Mr Wilkins muttered something about edge-tools; but his seafaring guest answered the remark by a short laugh of scorn. ‘You know a thing or two,’ he said incisively; ‘so do I. Are we or are we not to act in concert? If not, up with your colours and fire a broadside. Anyhow, friend or enemy, I’ll thank you to speak out.’

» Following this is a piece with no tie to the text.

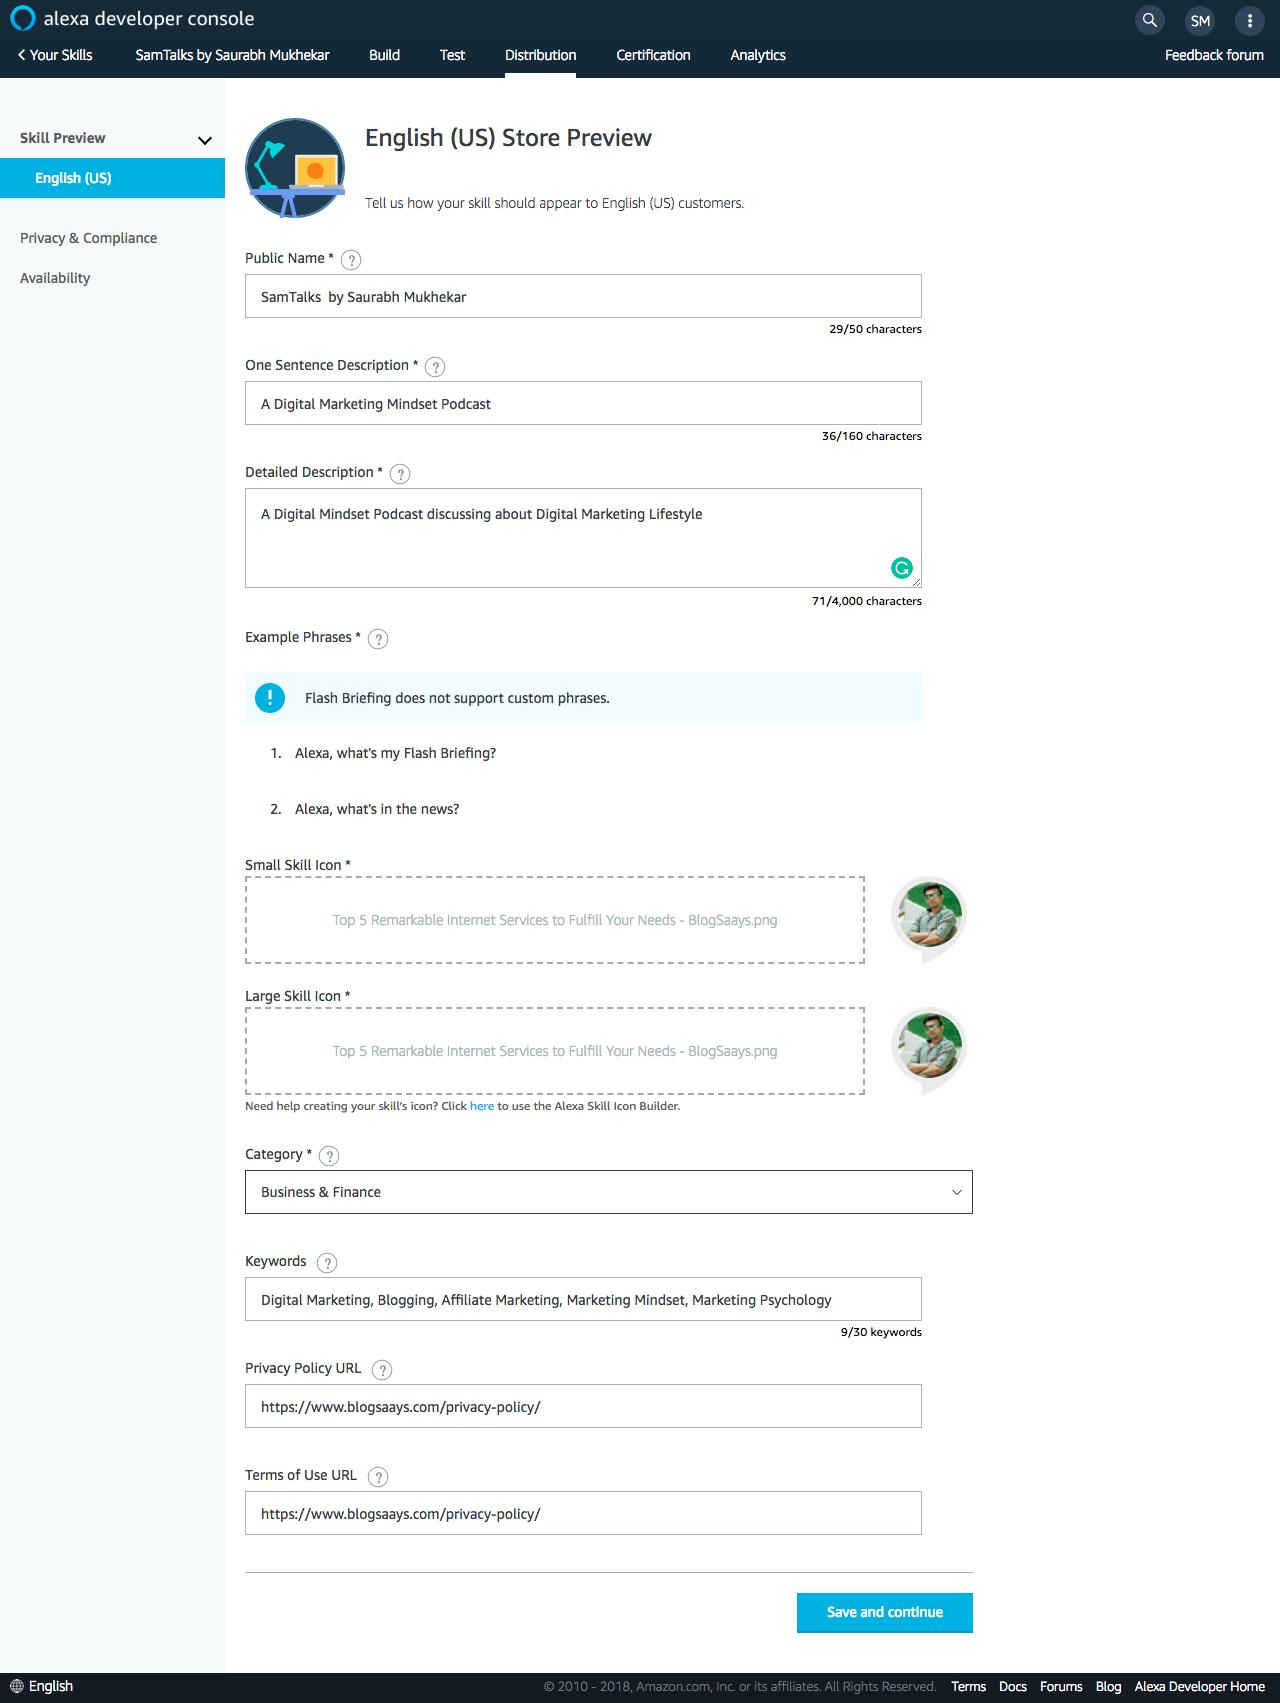 developer-amazon-alexa-console-ask-publish-alexapublishing-amzn1-ask-skill-8

All Mr Wilkins’s liveliness vanished in an instant, and he seemed strongly and soberly in earnest as he said: ‘I will speak out, as you call it. I should very much prefer to be on good terms with you. I should like us, as far as we prudently can, to co-operate. But you have not as yet told me what you would have me do.’

‘I’ll tell you,’ said Hold confidentially, edging his chair nearer to the lawyer’s. ‘When you go down to Carbery——You mean to go, don’t you?’ he added abruptly.

‘Certainly,’ said the lawyer, touching a spring in the table by which he sat, and producing from a concealed drawer, that flew open at his touch, a letter, which he unfolded and handed to his visitor. ‘You know so much, captain, that I need not keep back this from you. It is from Sir Sykes, as you see. The contents are probably not strange to you.’

‘Not likely,’ returned the seaman, throwing his eyes, with ill-dissembled eagerness, on the letter. ‘He asks you to come down then, and names an early day. The rents will be passing through your hands before long, Mister. ’Tain’t that, though, I want to speak of. You’ll find when you get to the Chase, a young lady there.’

‘I understood that Sir Sykes had two daughters,’ said the attorney innocently.

‘He had three, if you come to that,’ was Hold’s rough answer. ‘But this is no daughter. Maybe she’ll be a daughter-in-law, some fine day.’

‘Oho!’ said Mr Wilkins, arching his eyebrows. ‘Young lady on a visit, I presume?’

‘On a very long visit,’ answered Hold. ‘A ward she is of the Bart., orphan daughter of an old Indian brother-officer. Name of Willis; Christian name Ruth.’

‘Ruth!’ Trained and practised as the sharp London man of business was in the incessant struggle of wits and jarring interests, he could not repress the exclamation. ‘Bless me—Ruth!’ he added breathlessly, and grew red and pale by turns. There seemed to be some magic in the sound of that apparently simple name which affected those who heard it.

‘Name of Willis; Christian name Ruth,’ repeated Hold. ‘Like one of themselves she is now. Shouldn’t wonder if she were to change her name, first to Mrs Captain Denzil, afterwards to Lady Denzil when Sir Jasper that will be comes into title and property. You’ve known Sir Jasper that will be, squire; you’ve had dealings with him. Now, mark me! The sooner that young dandy makes up his mind to place a gold ring on Miss Ruth’s pretty finger, the better for him and for the Bart. and for you too Mr Wilkins. “A nod’s as good as a wink”—you know the rest of the proverb.’ And throwing on the table a card, on which were legibly pencilled the words ‘Captain Hold. Inquire at Plugger’s Boarding-house;’ and promising, ominously, to see Mr Wilkins again, in London or at Carbery, the seaman took his leave.

Left alone, the lawyer’s features relaxed into a smile of satisfaction. ‘A cleverish fellow and vain of his cleverness, this Hold, but very communicative. It would surprise you, my good captain, if you knew how very much you have been kind enough to tell me, during our late interview.’